Диего удивленно приподнял брови:
– Гостить, дышать свежим воздухом, я полагаю. А как надоест, соберем вещи и вернемся к Фернвальду. Тебе хочется чего-то другого?
Я покачала головой.
– Я не об этом. Что мы вообще будем делать? В проклятых землях все было просто и ясно. А здесь…
– Слишком много мест, куда можно пойти, и слишком много людей, с которыми нужно считаться. Тот же договор о неразглашении, – вздохнул Диего. – Зато мы можем жить, где захотим. И делать все, что взбредет нам в голову.
На душе стало тепло. Возникло ощущение, что я впервые за долгое время по-настоящему согрелась. Улыбнулась в ответ:
– Кое-что уже взбрело мне в голову. Кое-что очень увлекательное и приятное. Но для этого мне требуешься ты.
Недоумение на лице Диего быстро сменилось пониманием. Мужчина широко улыбнулся и посмотрел на меня так, как еще ни разу не смотрел по эту сторону Стены. Внимательно и требовательно, чуть прищурившись.
– Тогда пойдем, – и добавил шепотом: – Надеюсь, нам никто не помешает.
– Мы им не позволим.
Нам постелили в разных комнатах, но остаток вечера мы провели в моей. Диего хотел остаться и на ночь, но я выгнала его: конечно, все знали, в каких мы отношениях, но все-таки не хотелось слишком сильно смущать прислугу и родных.
Поцеловавшись с Диего у двери, я набросила сорочку, расправила кровать.
Распахнула окно, впуская холодный воздух. Постояла, глядя в ночь.
Уже собиралась вернуться в постель, когда заметила светящееся пятно. Тусклое, словно припорошенное пылью, таинственно мерцающее, оно приковало мое внимание – островок света в кромешной темноте.
Внезапно заныли кончики пальцев, в центре ладони что-то забилось. Словно внутри, под кожей, появилось маленькое сердце. Предчувствуя беду, я попыталась отвернуться, но не смогла отвести взгляд. И вдруг догадалась: это бабушкино окно.
Мое собственное сердце – то, что в груди, не на руке – билось невпопад, то пропуская удары, то несясь вскачь. То, что на руке, становилось горячее с каждой секундой. И не сбивалось с ритма.
Мне все же удалось закрыть глаза. Под веками полыхнуло огнем, наползло красное марево. Чувствовать жжение было невыносимо; я с трудом приподняла отяжелевшие веки.

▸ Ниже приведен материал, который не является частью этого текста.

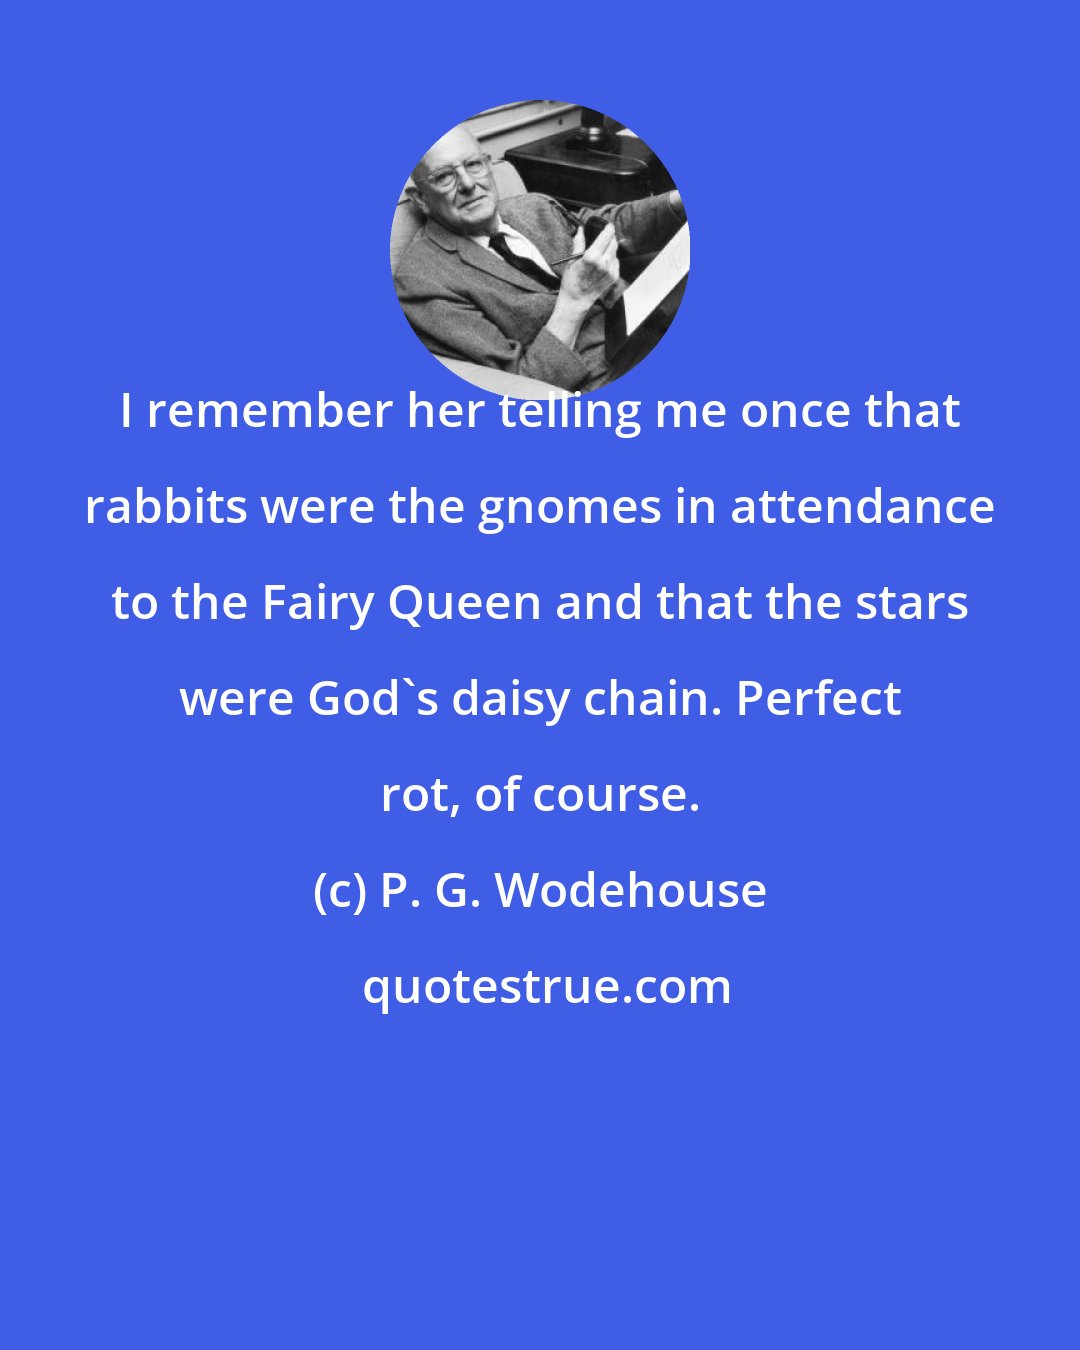 P. G. Wodehouse: I remember her telling me once that rabbits were the gnomes in attendance to the Fairy Queen and that the stars were God's daisy chain. Perfect rot, of course.

Теперь бабушкино окно было прямо напротив. Рама к раме.
В столице, в рабочих кварталах, низкорослые домики ютятся по обочинам узких улиц. Они стоят так близко, что днем перекрывают друг другу свет. Чтобы попросить соль или перец у соседа, нужно всего лишь распахнуть ставни, постучать кочергой или кухонной лопаткой по стеклу окна дома напротив. А некоторые и вовсе могут дотянуться рукой, главное, не вывалиться. Хотя даже падать недалеко – мимо бельевых веревок, на коробки и ящики, солому и старую мебель, от которой избавились хозяева, но которую еще не успели растащить бедняки.
И теперь я словно оказалась в таком доме. Северная башня выросла перед глазами. Мутное окно слепо мигало – видимо, за ним, на подоконнике, дрожало свечное пламя.
Я почувствовала себя мотыльком, мечтающим о солнце. Оперлась о подоконник, перенесла вес на руки, подобралась, села. Свесила ноги. Холодный воздух вцепился в стопы, прошелся по голеням. Словно зачарованная, я протянула руку.
Подо мной не было веревок, ящиков, мебели и соломы: только пустота, каменный мешок внутреннего двора. Упадешь на дно – сломаешься, рассыплешься на составные, растечешься по плитке. Я жила высоко, очень высоко, бабушка – еще выше, и ее башня казалась узкой издалека.